Kitobni o'qish: «Кляча»
И схоронят в сырую могилу,
Как пройдешь ты свой жизненный путь, —
Бесполезно угасшую силу
И ничем не согретую грудь.
Некрасов1
I
Знакомы ли вы, читатель, с теми отдаленными, укромными уголками столицы, вроде конца Песков, Коломны, набережной Обводного канала и проч., куда всесильный прогресс пока еще не мчится на всех парусах, а тащится себе потихоньку, постепенно, шаг за шагом, отвоевывая в свою власть и безлюдные, темные улицы, и кривые переулки? Смею думать, что нет. И если вам случится по делу, и притом вечером, отправляться в такие места, вы уже заранее, мысленно, населяете их всевозможными ужасами брянских лесов, созданными вашим напуганным воображением, а нанимая извозчика, наверно, пустите предварительно в ход все свои физиономические познания, с целью постичь, не смотрит ли этот простоватый парень, у которого, по народному выражению, «рождество шире масленицы»2, именно тем злодеем, которому надлежит подвести вас под нож или петлю.
Вот вы уселись в сани, внутренне призывая на себя милость божию, возница запахнул полость, взялся за вожжи и причмокнул. Кончено! Вы во власти судьбы. Лошадь трусит. Молчаливый парень сидит на облучке, и видно только, как подергивает локтями. Сквозь сизый туман зимних сумерек мелькают глухие переулки с масляными, далеко отстоящими друг от друга фонарями, какие-то псы яростно лают во мраке, тянутся бесконечные заборы с беспомощно приткнувшейся где-нибудь в углу фигуркой человека, и рисуются кое-где темные силуэты покривившихся деревянных домишек…

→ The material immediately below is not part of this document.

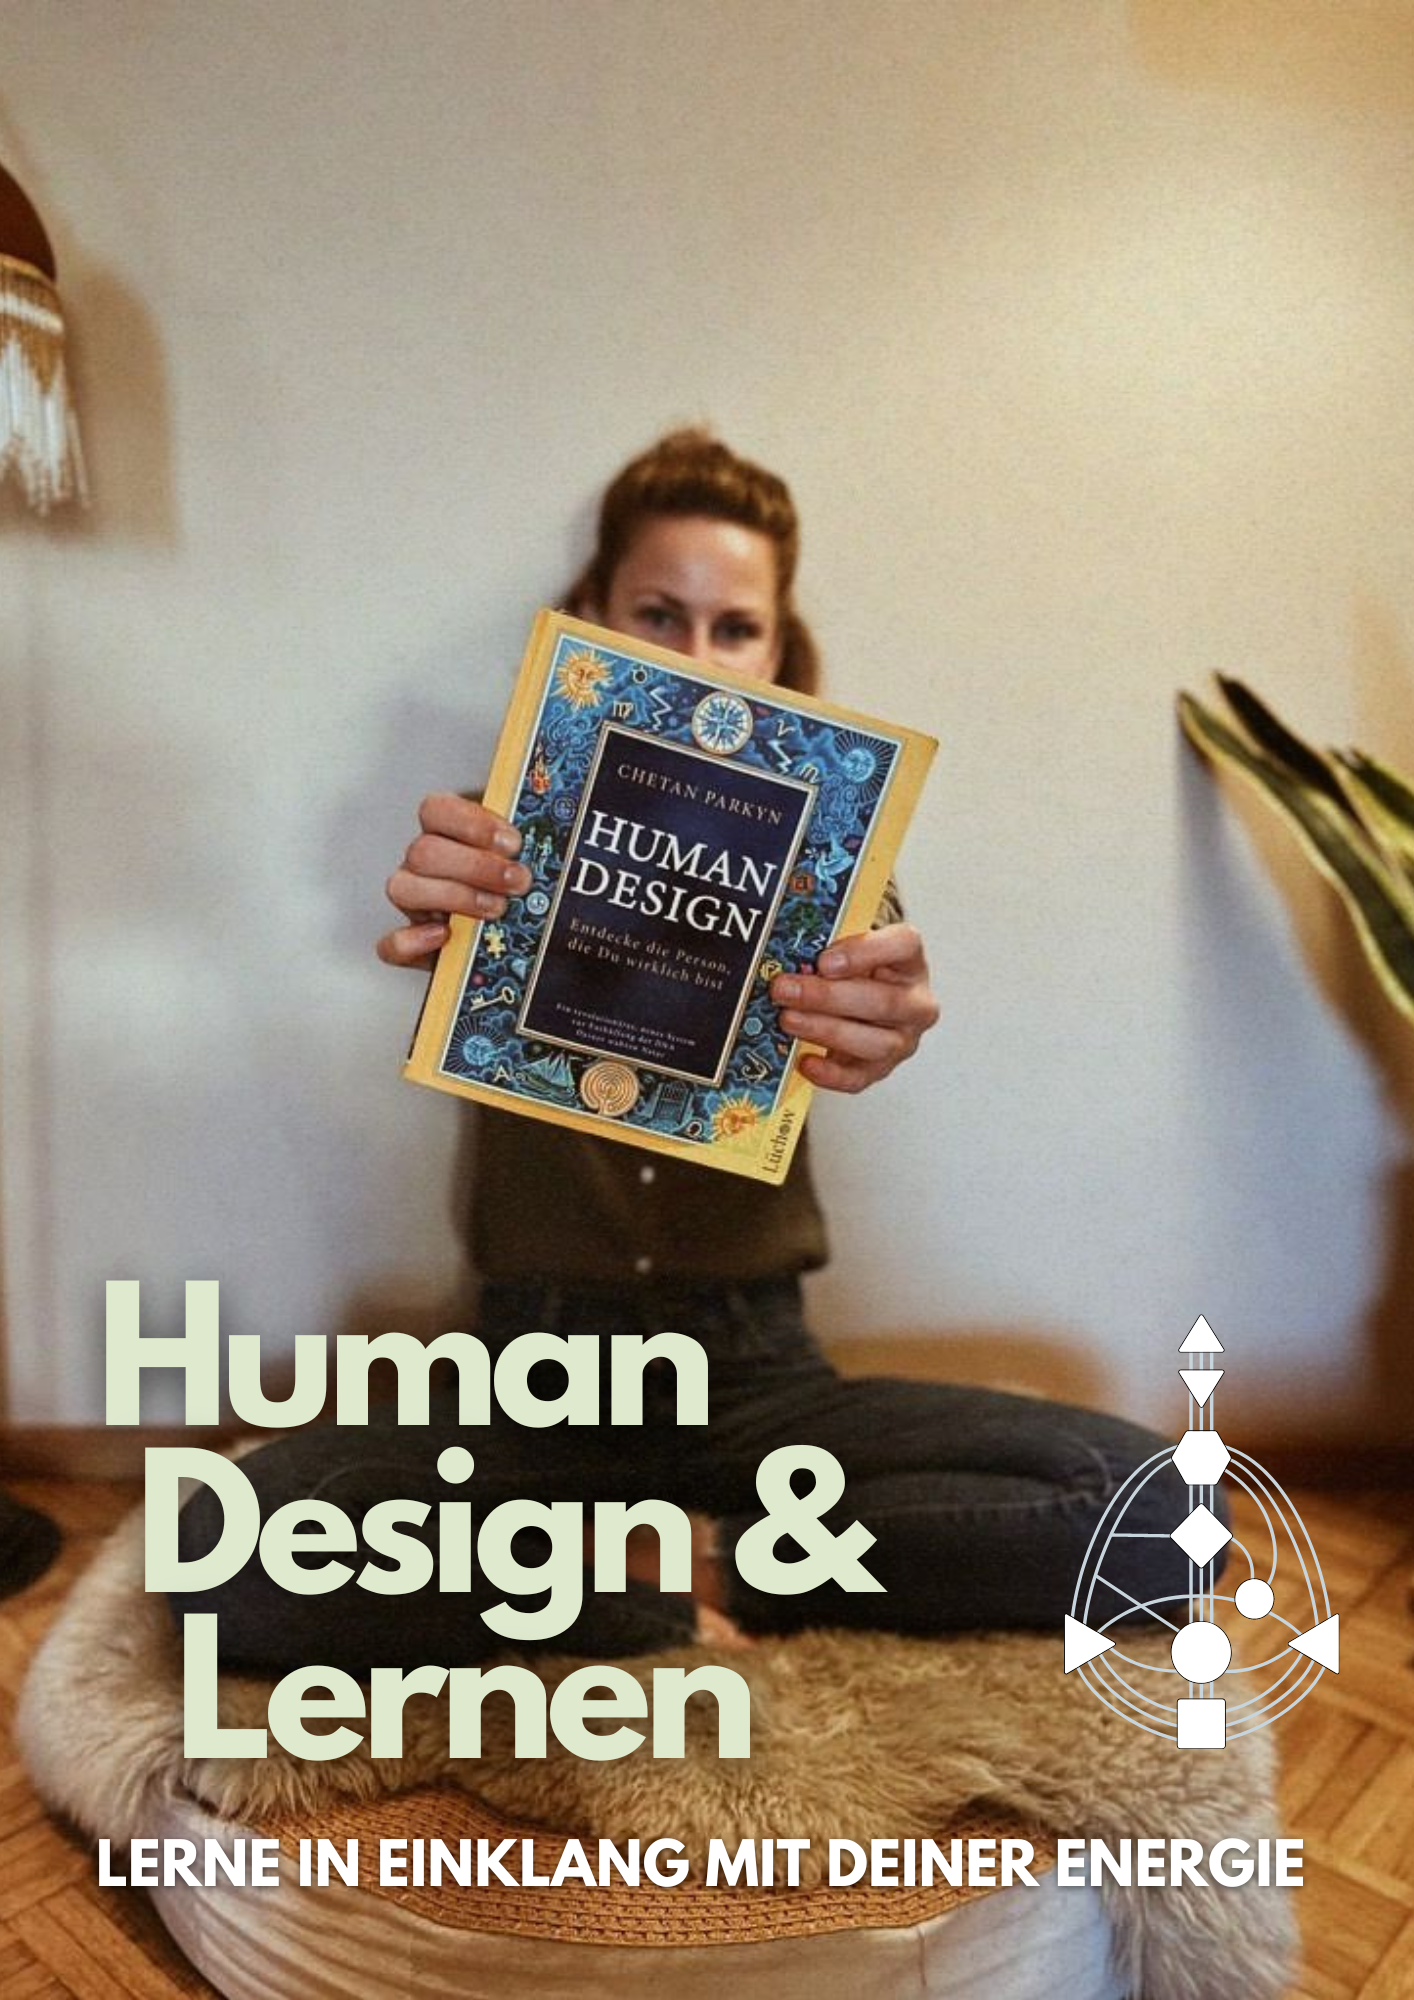 Human Design & Lernen, Französisch Onlinekurs für Beginner im Human Design Shop
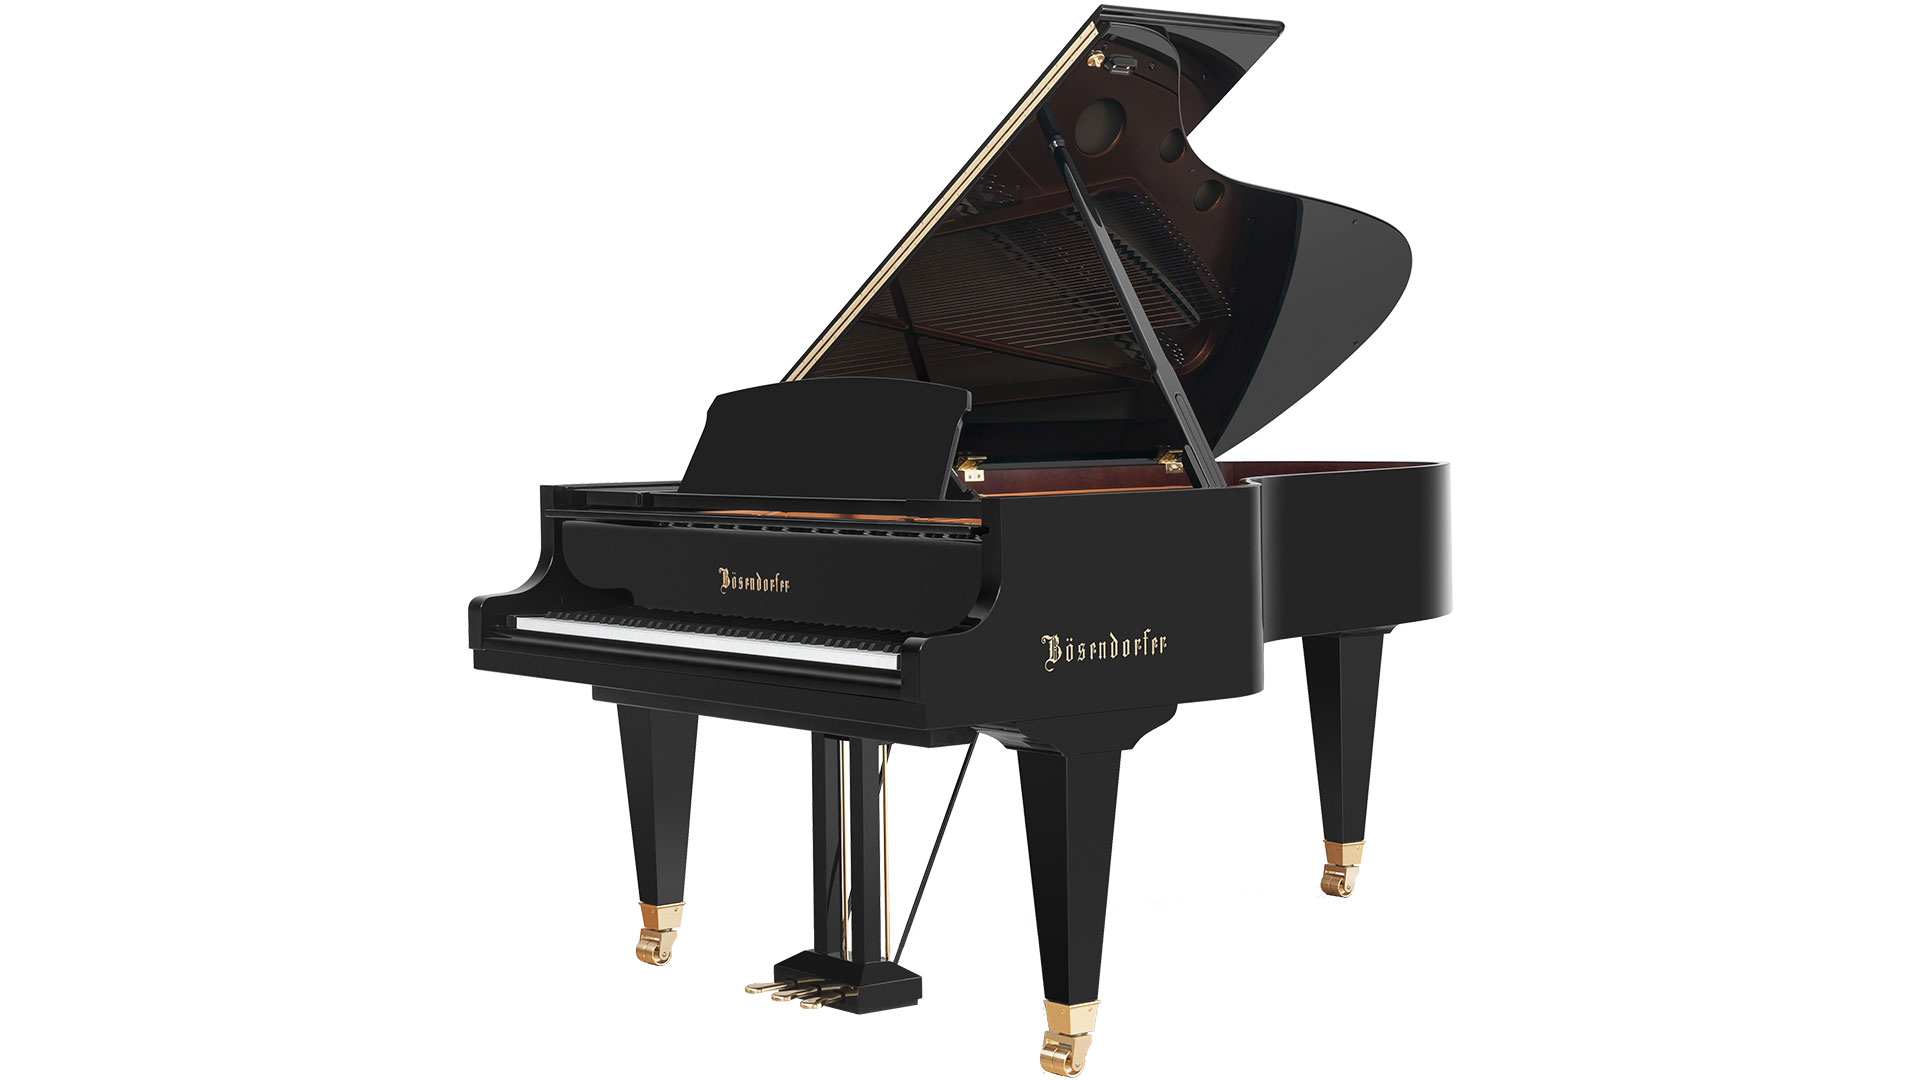 Bosendorfer piano Model 214-vc grand piano

Какой контраст с тем, что вы только что видели! Широкие улицы ярко горели бесконечной двойной лентой газа, в бешеной езде по ним мчались кареты и сани, резкий звонок битком набитого вагона конножелезки неожиданно смешивался с мелодическим переливом бубенчиков нарядной, ухарской тройки, группы людей толклись на тротуарах, обгоняя друг друга, заглядывая под шляпки хорошеньких женщин, заходя в роскошно освещенные магазины и рестораны и толкаясь на ступеньках Пассажа, над гостеприимно открытыми дверями которого два огромных шара электрических фонарей бросали на мостовую широкие белые полосы света…
И вдруг холодный мрак зимней ночи, пустота и безлюдно. Какой ужас! Но вот вы увидели на углу улицы апатично стоящего городового, дальше вам встретился едущий шагом пикет казаков, и ваше робкое сердце начинает свободнее биться. «Слава богу, – думаете вы, – меры приняты, есть охрана. Извозчик, чего ты дремлешь? Пошел скорей!»
Но мне жаль вас, жаль за ваше трусливое неведение, ибо я вполне убежден, что бояться вам положительно нечего.
Бойтесь скорее дневного грабежа на ваших фешенебельных улицах, в какой-нибудь новоиспеченной, шикарно меблированной банкирской конторе, в дверях которой величественный швейцар ласково снимет с вас шубу, а еще более величественный «банкир» с еще большей ласковостью не задумается снять последнюю рубашку. Бойтесь этого испитого, юркого мальчишки, что вертится в уровень с вашим карманом в то время, когда вы, после сытного обеда, с сигарой в зубах, в благодушнейшем настроении глазеете на картины и эстампы, красующиеся за зеркальными окнами магазинов Дациаро и Фельтена3, потому что этот мальчишка, в виде контрибуции за свою нищету и невежество, наверно, запустит ручонку к вам в карман. С этой целью он пришел оттуда, из недр темных улиц и пустынных переулков, где он живет, где вместе с ним живут все эти, быть может, грубые и дикие, но всегда сурово-честные мученики труда.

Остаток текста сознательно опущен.